I have a dataframe similar to the below mentioned database:
+------------+-----+--------+
| time | id | status |
+------------+-----+--------+
| 1451606400 | id1 | Yes |
| 1451606400 | id1 | Yes |
| 1456790400 | id2 | No |
| 1456790400 | id2 | Yes |
| 1456790400 | id2 | No |
+------------+-----+--------+
I'm grouping by all the columns mentioned above and i'm able to get the count in a different column named 'count' successfully using the below command:
df.groupby(['time','id', 'status']).size().reset_index(name='count')
But I want the count in the above dataframe only in those rows with status = 'Yes' and rest should be '0'
Desired Output:
+------------+-----+--------+---------+
| time | id | status | count |
+------------+-----+--------+---------+
| 1451606400 | id1 | Yes | 2 |
| 1456790400 | id2 | Yes | 1 |
| 1456790400 | id2 | No | 0 |
+------------+-----+--------+---------+
I tried to count for status = 'Yes' with the below code:
df[df['status']== 'Yes'].groupby(['time','id','status']).size().reset_index(name='count')
which obviously gives me those rows with status = 'Yes' and discarded the rest. I want the discarded ones with count = 0
Is there any way to get the result?
Thanks in advance!
Use lambda function with apply and for count sum boolena True values proccesses like 1:
df1 = (df.groupby(['time','id','status'])
.apply(lambda x: (x['status']== 'Yes').sum())

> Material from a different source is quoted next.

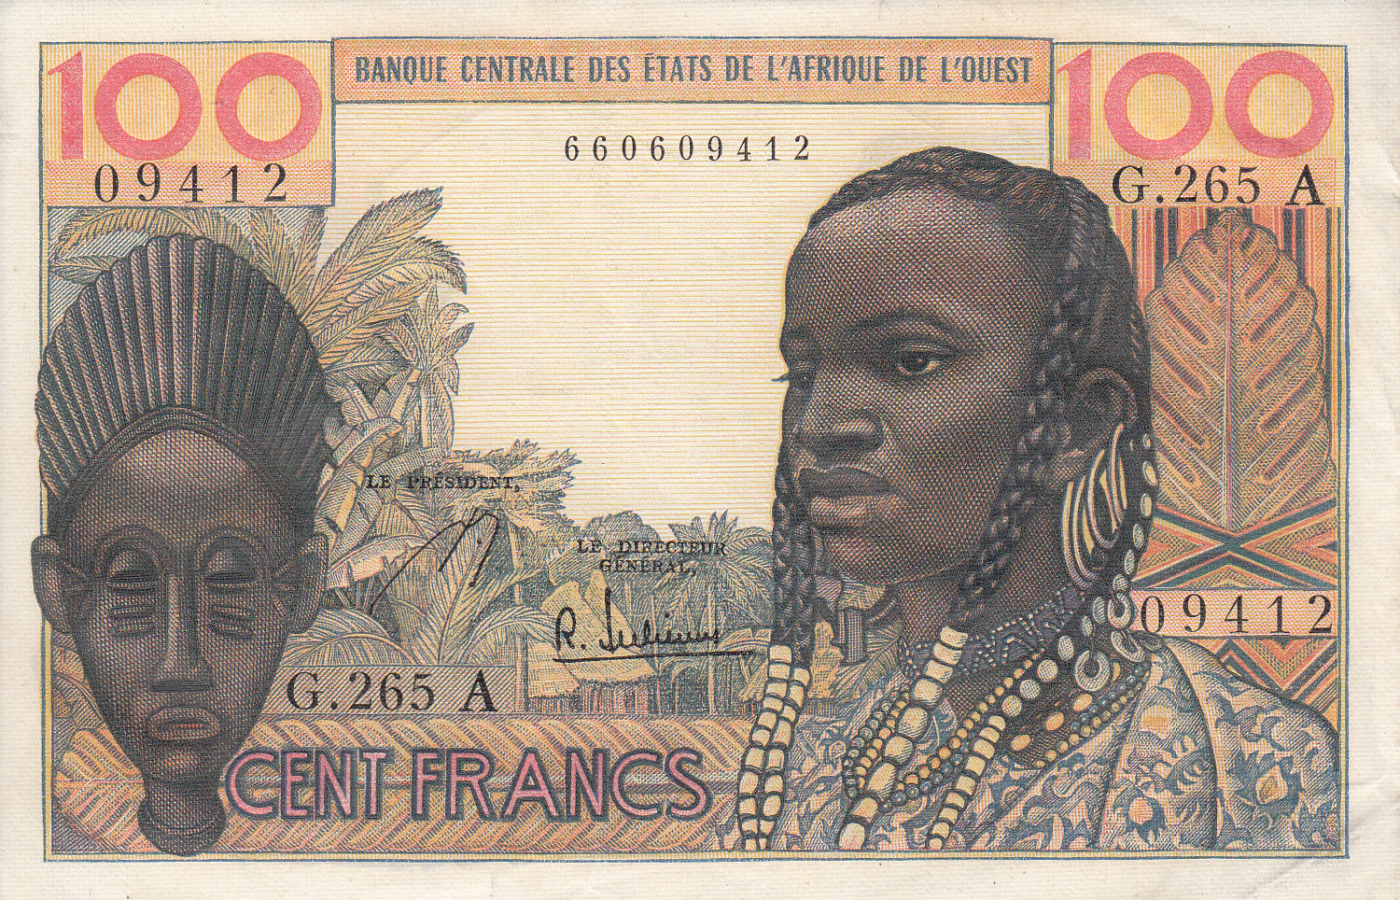 100 Francs ND, Cote D'Ivoire (Ivory Coast) (A) 19611965

.reset_index(name='count'))
Or create new column and aggregate sum:
df1 = (df.assign(A=df['status']=='Yes')
.groupby(['time','id','status'])['A']
.sum()
.astype(int)
.reset_index(name='count'))
Very similar solution with no new column, but worse readable a bit:
df1 = ((df['status']=='Yes')
.groupby([df['time'],df['id'],df['status']])
.sum()
.astype(int)
.reset_index(name='count'))
print (df)
time id status count
0 1451606400 id1 Yes 2
1 1456790400 id2 No 0
2 1456790400 id2 Yes 1